Australia’s fast growing companies are shelving expansion plans because of the credit crunch and rising interest rates, a SmartCompany poll shows. This will affect employment, the purchasing of new equipment, and could see some businesses go to the wall.
The SmartCompany poll of 100 small and medium businesses (up to 500 employees) reveals that 28% have already been directly affected, agreeing that it is harder to get credit from their bank and other lenders.
Almost a third (31%) say they are downsizing growth and expansion plans because credit is harder to get and more expensive.
This sector is also very vulnerable to future rising interest rates, with 71% saying they are worried.
The survey serves as a stark warning to the Reserve Bank that further rises in interest rates will have a devastating affect on the small and medium size business sector and entrepreneurs.
Insolvency experts have already told SmartCompany after many lean years there is a spike in inquiries from companies in trouble.
It is Catch 22. Recent figures from the Australian Bureau of Statistics give an interesting insight into why businesses borrow money. In 2005-06, about 18% of businesses sought debt or equity finance, with businesses employing 20 to 199 people being the most indebted (32%).
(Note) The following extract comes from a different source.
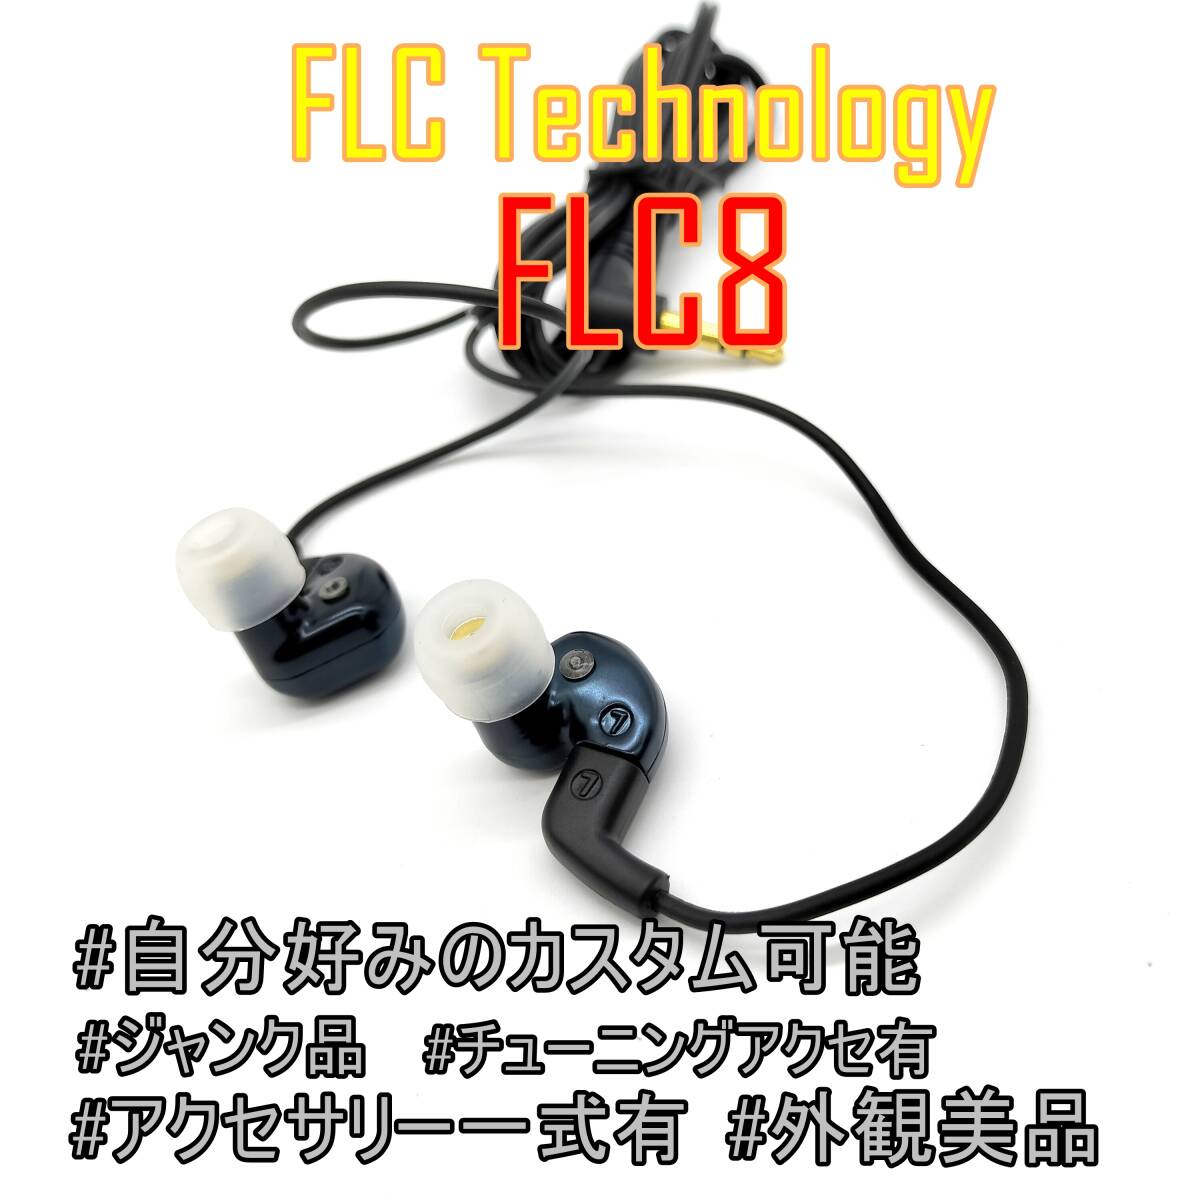 【アクセサリー一式付き】FLC Technology FLC8 自分好みのカスタマイズ可能な有線イヤホン【ジャンク品】《管理番号：2404D-11》の画像1

Of businesses that sought finance, 91% sought debt finance and 24% sought equity finance. Worryingly, about 29% sought the finance to ensure the survival of the business and 40% needed it to maintain short term cash flow or liquidity.
A further 21% sought the finance to expand the business, and for replacement of software or equipment such as IT hardware.
Interestingly 90% of companies say they got the money, which meant the businesses survived, expanded, bought equipment and received assistance for cash flow problems.
This suggests that the credit crunch will have far reaching implications on businesses, not just those in trouble or forced to shelve expansion plans but also the companies that would otherwise sell equipment to these businesses.